Con frecuencia entrevistó a personas que no se conocían entre sí. El común denominador de estas conversaciones es una figura notable, alguien que había dejado una huella enérgica en sus vidas: Ángel Cristo Acoglanis, el quiropráctico, místico y mentor de Erks, la Ciudad de la Llama Azul. Esposas, amantes, hijos, amigos, discípulos, alumnos, pacientes, socios, asistentes, mecenas, escribas, compañeros de estudios… cada uno conocía una parte de la vida de Acoglanis, algunos de ellos sus secretos, pero nadie antes había realizado el esfuerzo de hablar con ellos, con cada uno de los que estaban disponibles para ser contactados (por medios ortodoxos, claro) y no tuviesen reparos a la hora de relatar su versión de los acontecimientos vividos por ellos.

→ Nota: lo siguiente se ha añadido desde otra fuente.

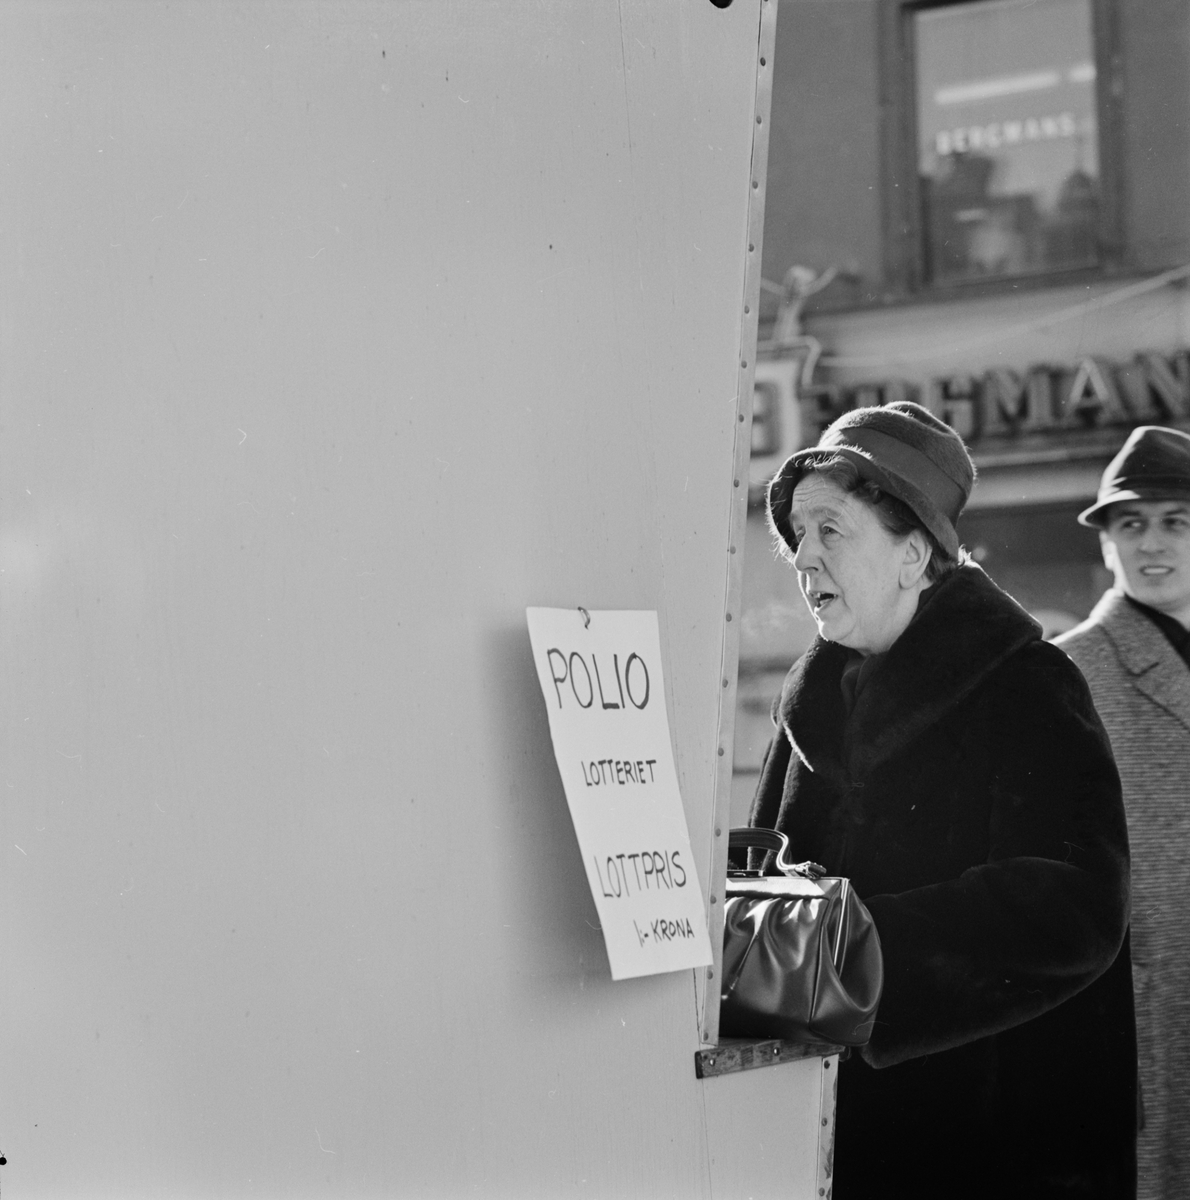 Folkliv - lottförsäljning, Uppsala 1962
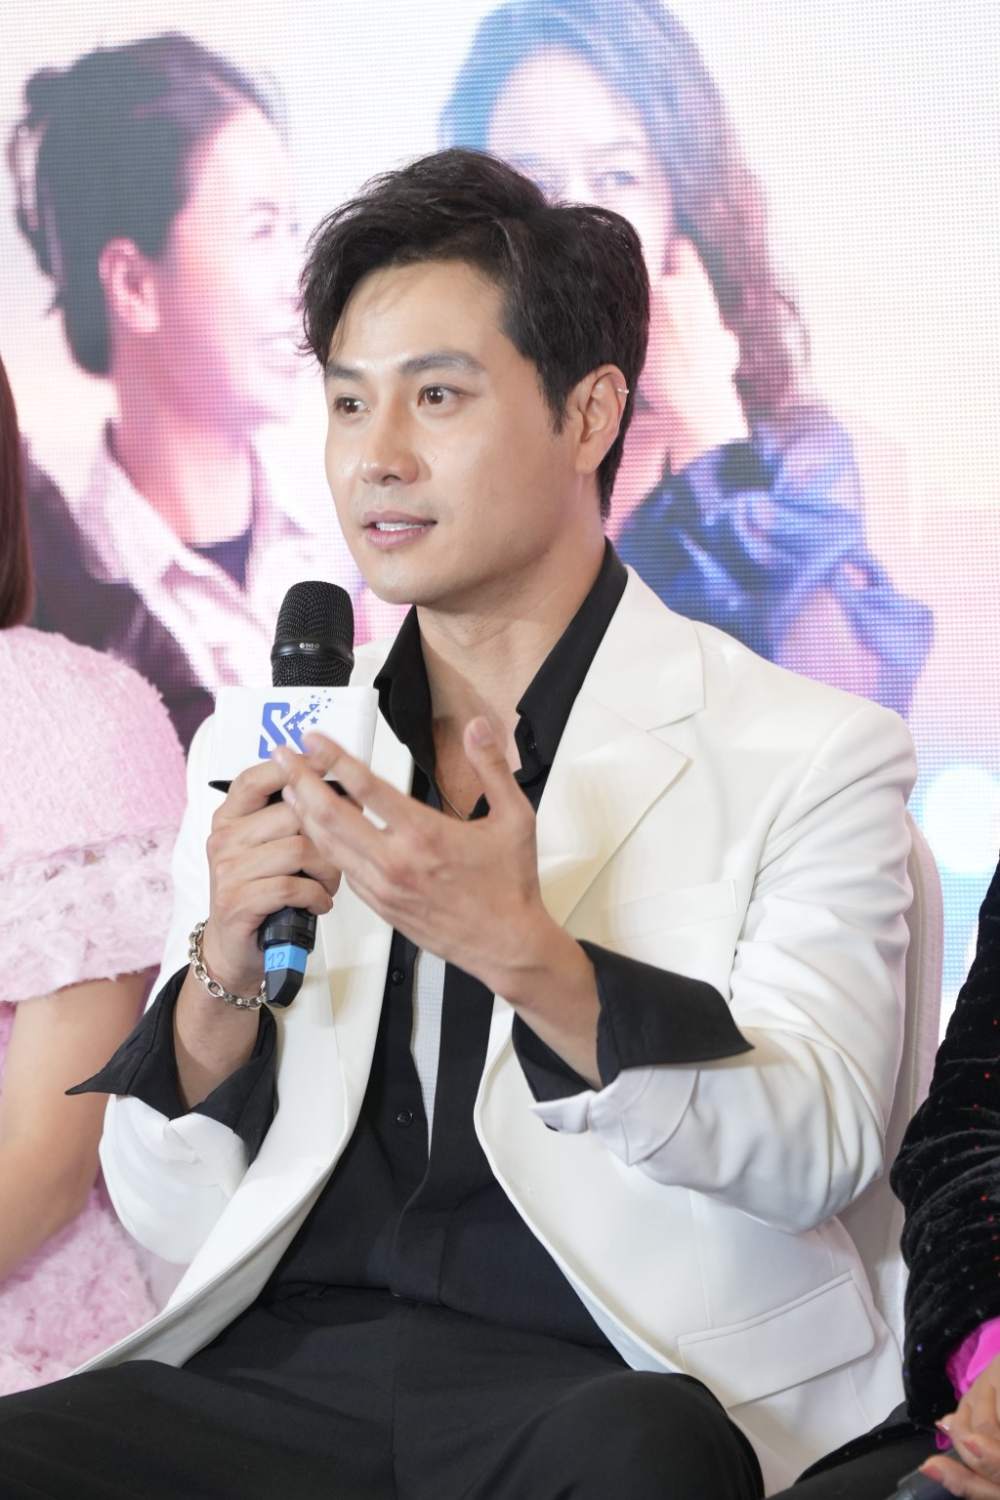 Diễn viên Thanh Sơn tại buổi họp báo ra mắt phim “Mình yêu nhau, bình yên thôi“. Ảnh: VFC.

Nadie más, tampoco, había analizado los libros que Acoglanis leyó, la totalidad de los textos que él escribió y la lógica transversal por la cual terminó siendo guionista fantasma de los libros de Trigueirinho, el autor más leído sobre Erks. Nadie más sabía cómo ese hombre de origen humilde, que en su juventud había sido chofer y electricista, se enriqueció y llegó a atender en consultorios médicos a funcionarios de gobierno y a gente famosa.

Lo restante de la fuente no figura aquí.